Turner, who went down with two fractured vertebrae in his lower back after a missed dunk attempt Dec. 5 against Eastern Michigan, was projected to be out of commission for about eight weeks.

The real timeline all along was four to six weeks, he said – and he was cleared for action several days earlier.

"I knew like a week ago," Turner said Wednesday night after the victory. "I practiced Thursday and Friday and felt pretty good. I was going to try to come back for the Michigan game but they said to sit out one more game and that was it.

"The thing was that it only takes the bone four-to-six weeks to heal. They said eight weeks so the media wouldn't wonder when I was coming back. I'm blessed. I'm young and blessed that our strength coach got my body right and I was a quick healer."

If it was a trick, head coach Thad Matta insisted his innocence in the plot, saying he did not know what Turner's availability would be until the hours before tipping off against the Hoosiers.

"I honestly didn't know," the coach said. "We tried to research it as much as we could to find out who's had this and it was really an uncommon injury. I honestly didn't know he was playing tonight really until shootaround."

One day prior to the game, Matta told reporters that whether not Turner would have a chance of playing against the Hoosiers would depend on how his body responded to a physical practice scheduled for later that evening.

The practice was more physical than the Buckeyes typically go through one night prior to a game owing partially to the team's calendar in the past week. After road games at Wisconsin and Michigan during the previous week, OSU had an NCAA-mandated day of rest Monday that left just Tuesday for Indiana preparation.

The practice also helped assure Matta that his star player would be physically ready to go against the Hoosiers.

"We haven't got to see him in that light the way we wanted to," Matta said. "He's been doing a lot of the up-and-down, passing, ball handling, but he hadn't played live defense until (Monday) night."

Turner said he was in the thick of things during the practice, even trying to escalate confrontations between his teammates. As a result, the few falls Turner took under the lights at Value City Arena caused him no concern.

"He appeared to be pretty comfortable and confident, which was good," Matta said. "I was glad to see him get knocked down and pick himself back up, which was huge. I was also glad to see him dunk at the other end down there."

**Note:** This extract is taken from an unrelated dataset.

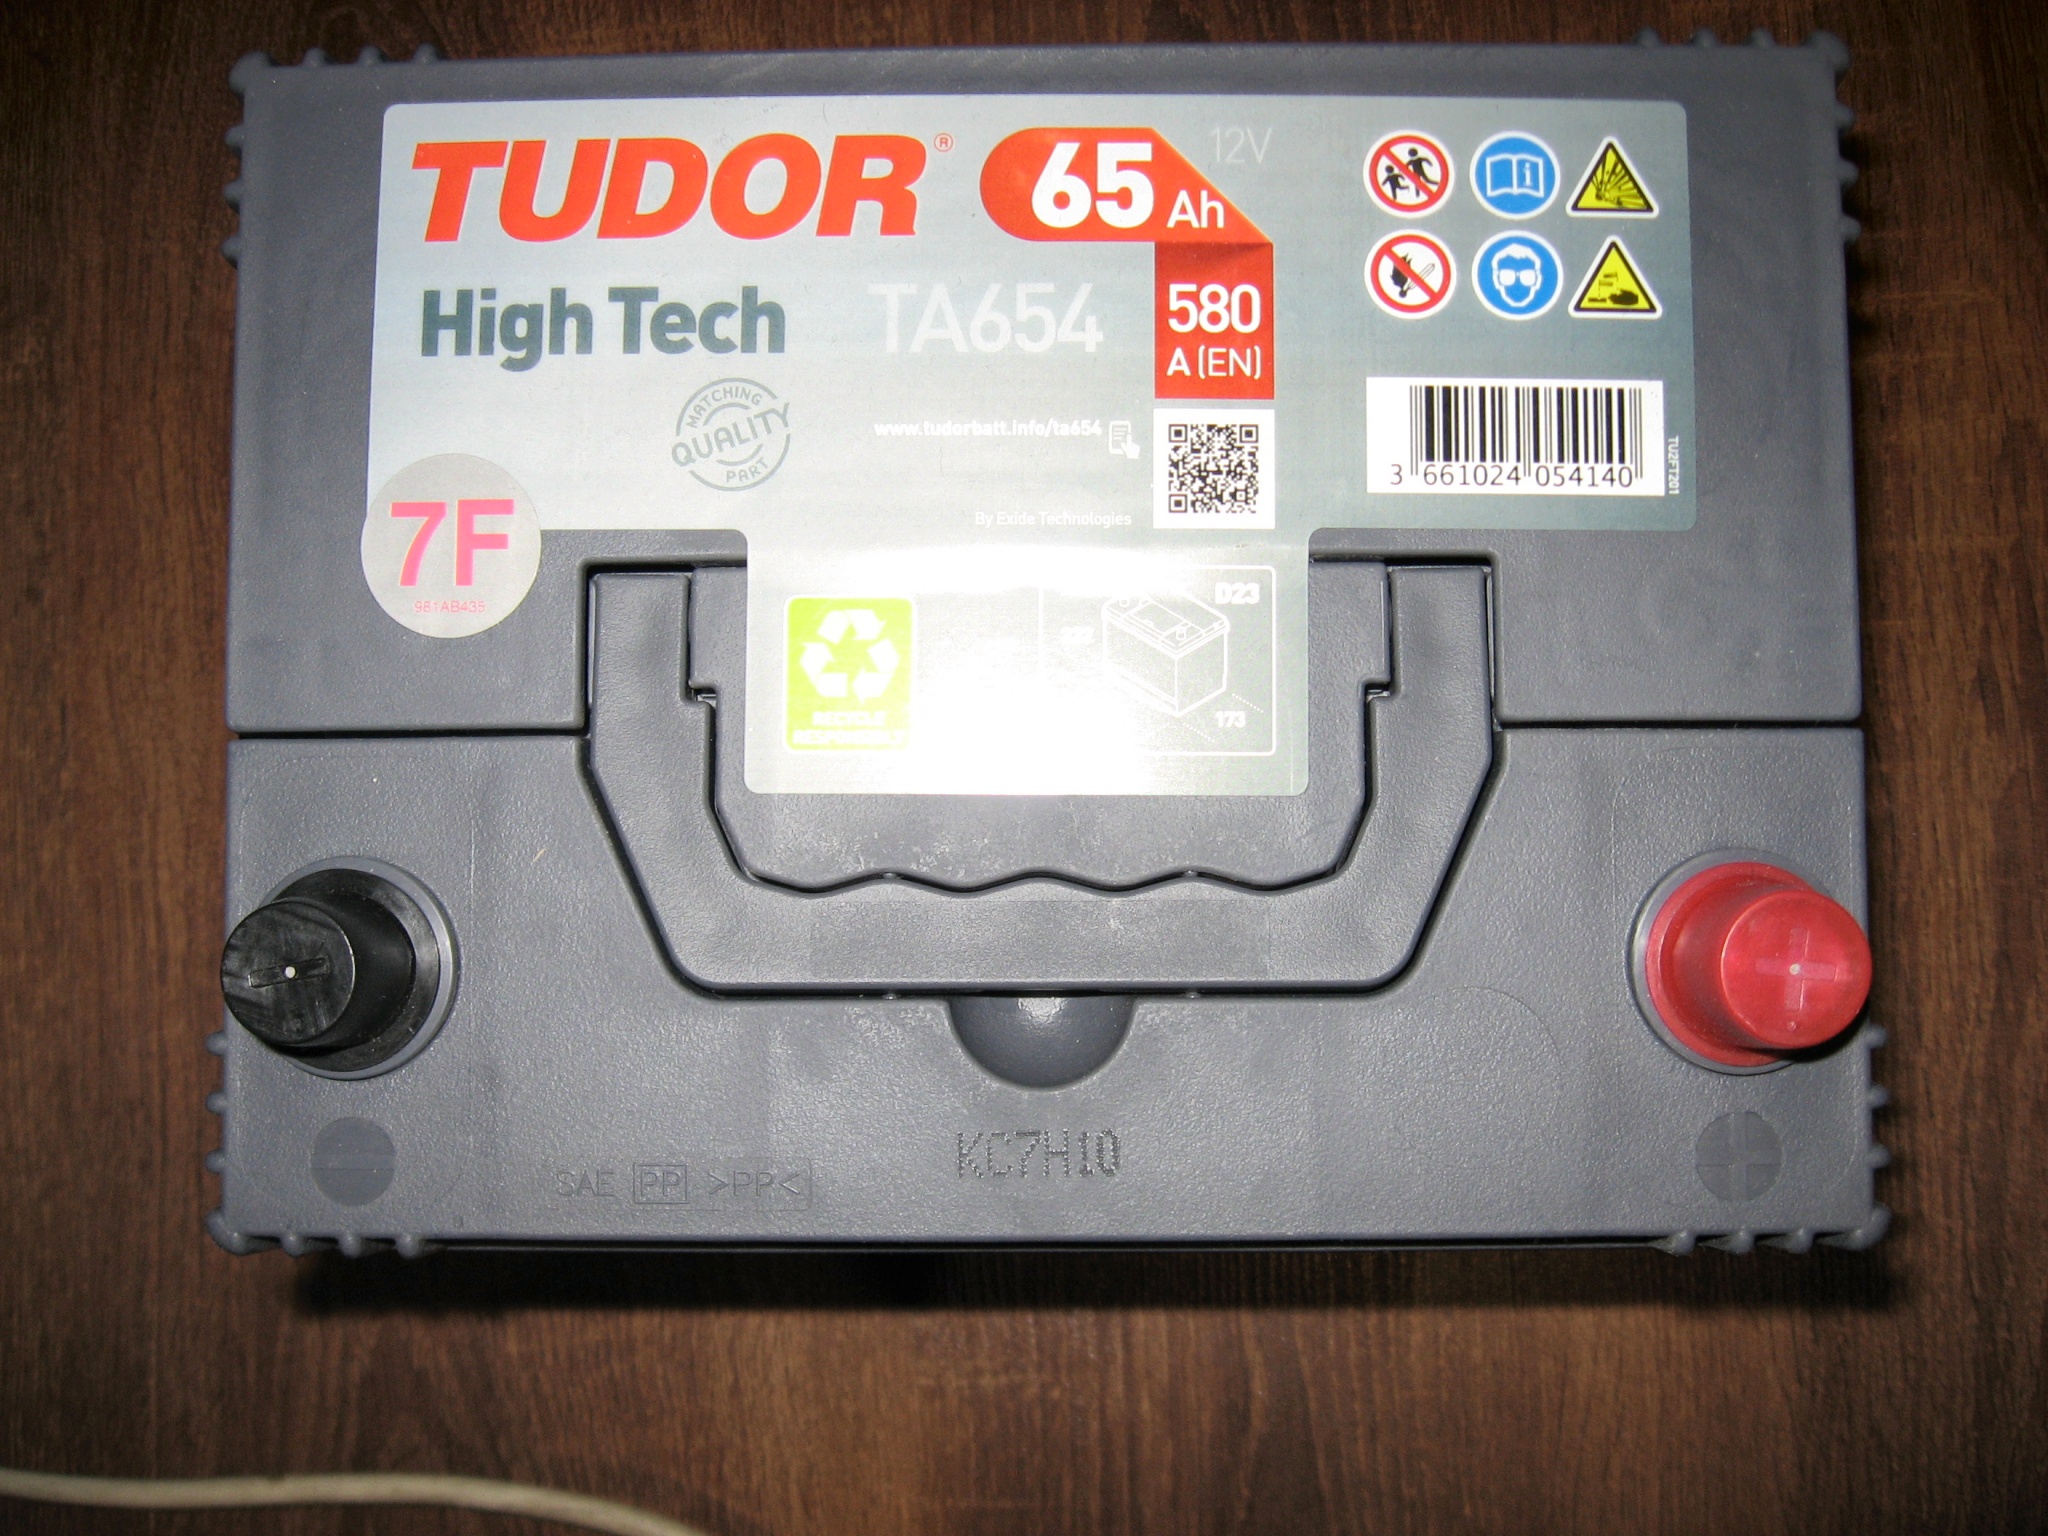 Tudor TA654. Autobatterie Tudor 65Ah 12V

However, he admitted to having to conquer one final shadow of doubt in his mind. While pushing the ball down the middle of the court against the Hoosiers, Turner spied an opening that could have resulted in a two-handed dunk from straight on – the same type of play that knocked him out of the lineup against EMU.

Rather than go up for the dunk, he dished the ball to a waiting teammate in the corner.

"I'm not going to lie … I was thinking, ‘Man, this happened a month ago' and I kicked it out," Turner said. "I'm sure if I had to re-do that same play over again I would do it. It was just a freak accident."

As for making his return, Turner likened it to being 16 years old again.

"It's pretty cool," he said. "It feels like having a driver's license and having a car at the same time. I've got a little freedom (to be on the court again) and I'm real excited. I'm real blessed."